Electrochemical cells, such as fuel cells, include pathways for the transport of charged species. Ions from electrochemical reactions are transported through an ion-exchange membrane of a fuel cell, such as a proton exchange membrane, and electrons are transferred between adjacent fuel cells. Specifically, a path for proton conductivity can be integrated within the fuel cell while a path for electron conductivity is created between adjacent fuel cells to provide an electrical circuit from the overall positive and negative electrical connections of the fuel cell device. Bipolar fuel cells are arranged to provide an electrical current flow in a direction opposite to an ion flow through the membrane. Alternately, edge-collected fuel cells provide electrical current flow parallel to the membrane while ion flow occurs through the membrane.
In either case, edge collected or bipolar, the electrolyte serves as both a proton conductor and an electrical insulator, i.e. the electrolyte separates the two reaction electrodes and prevents the short circuit of electrical current between the two. However, one function of the electrical insulation is to prevent the electrical short circuit of the two electrodes of a unit fuel cell with each other.

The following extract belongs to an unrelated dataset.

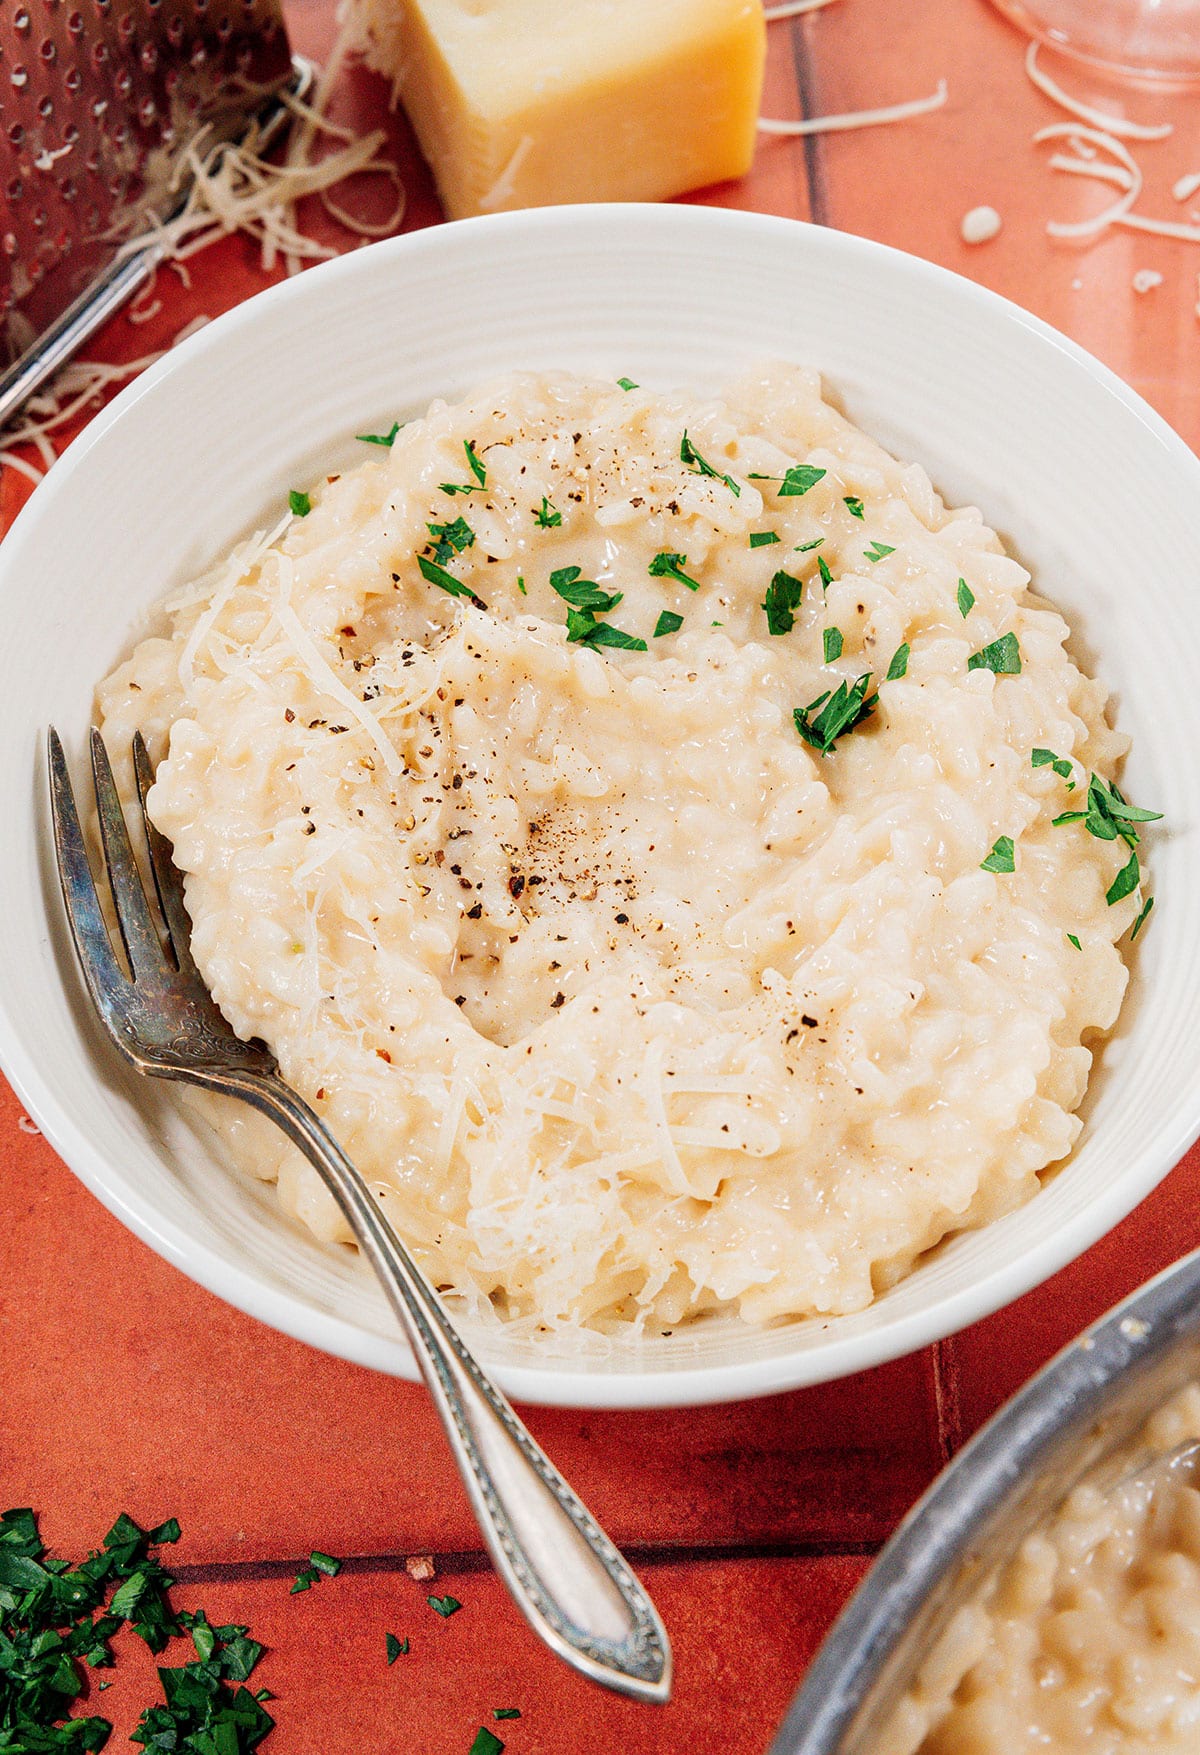 Risotto in a bowl with a spoon.
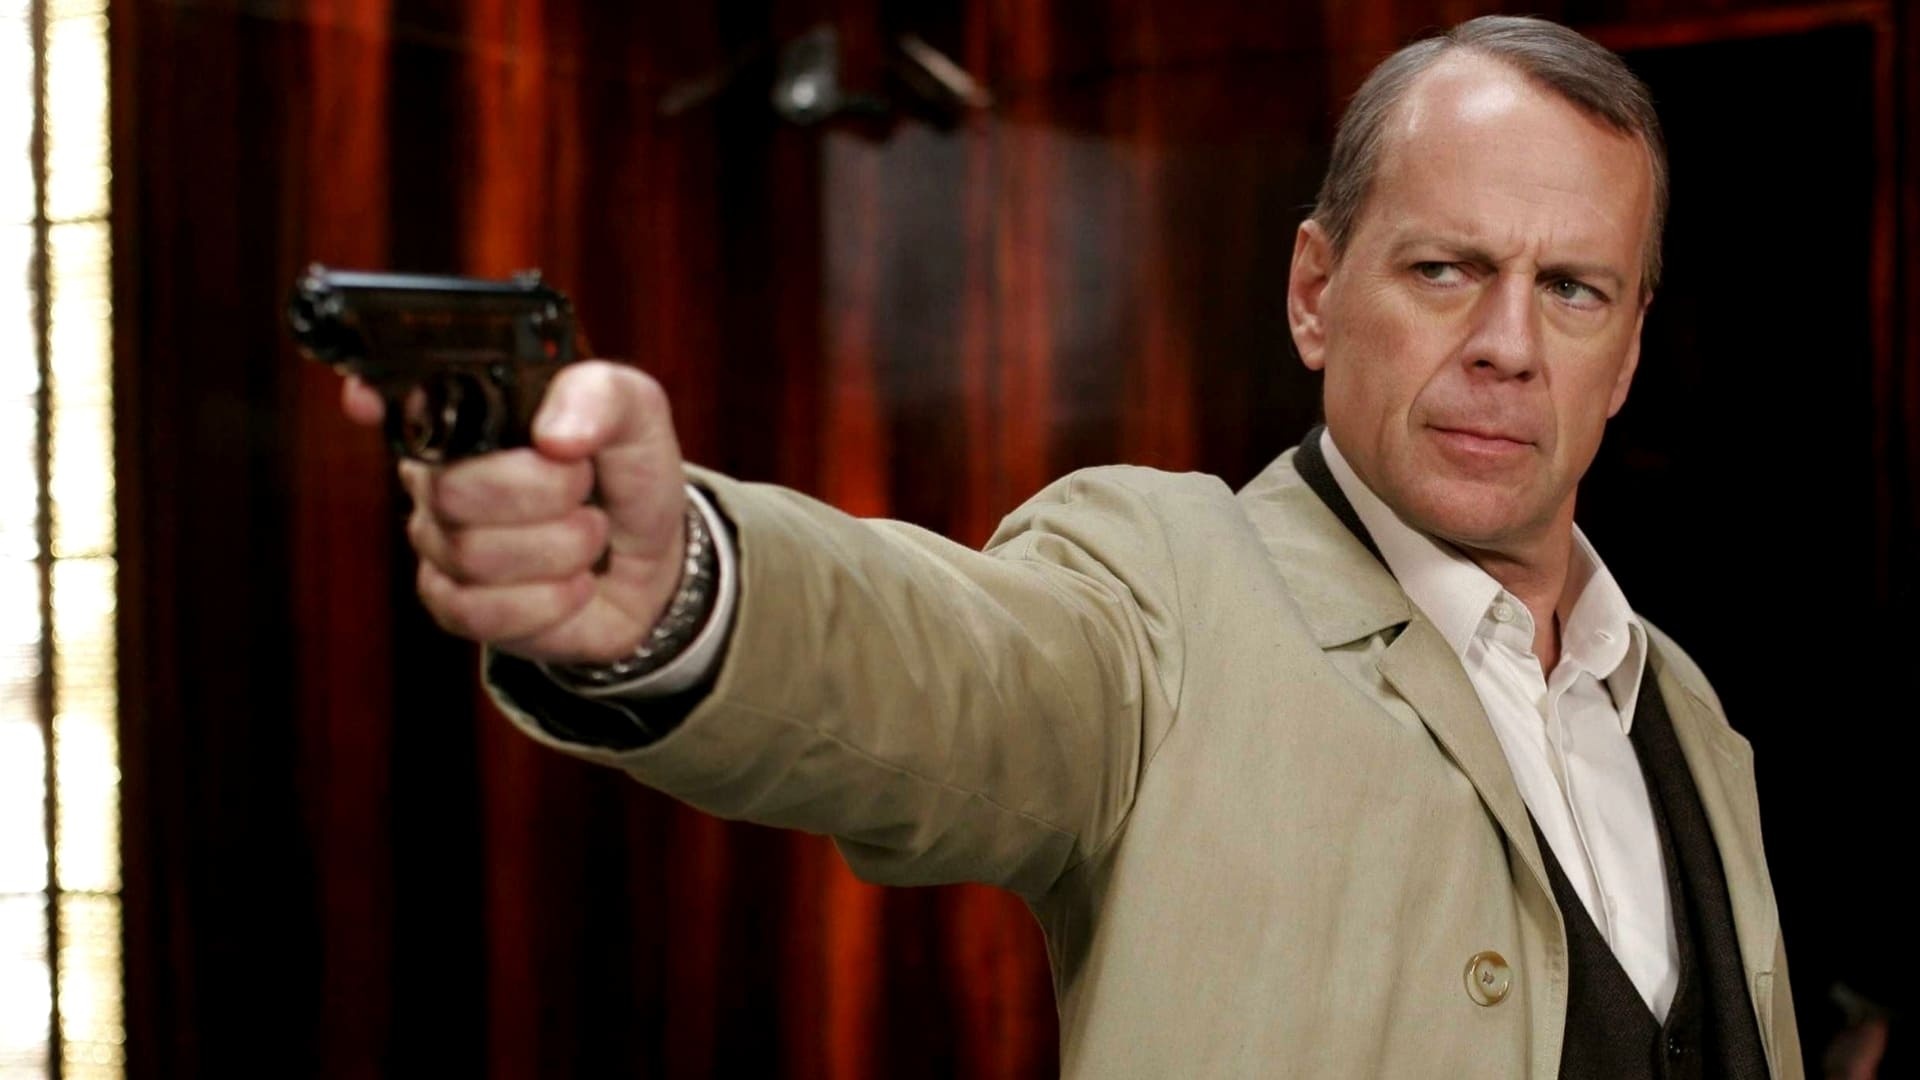 Lucky Number Slevin: Bruce Willis as Mr. Goodkat, Hit-man. 1920x1080 Full HD Background.

An alternative class of fuel cell architecture is emerging for use in micro fuel cell applications that results in a thin layered fuel cell structure with neighboring fuel cells arranged adjacent each other, such as in an array. When a fuel cell layer of this variety incorporates more than one fuel cell, some form of electrically insulating material must exist in the same plane as the electrodes to prevent electrical short circuiting between neighboring cells. The planar fuel cell array includes multiple fuel cells which have like electrodes arranged next to each other on the same face of the fuel cell layer. A requirement is to prevent the electrical short circuit of adjacent like electrodes, such as by adding insulating materials that detract from the overall active area of the array. Current designs allocate significant portions of space to insulating materials that do not contribute to energy conversion. Further, the addition of an explicit insulating material adds both cost and complexity to the fuel cell design.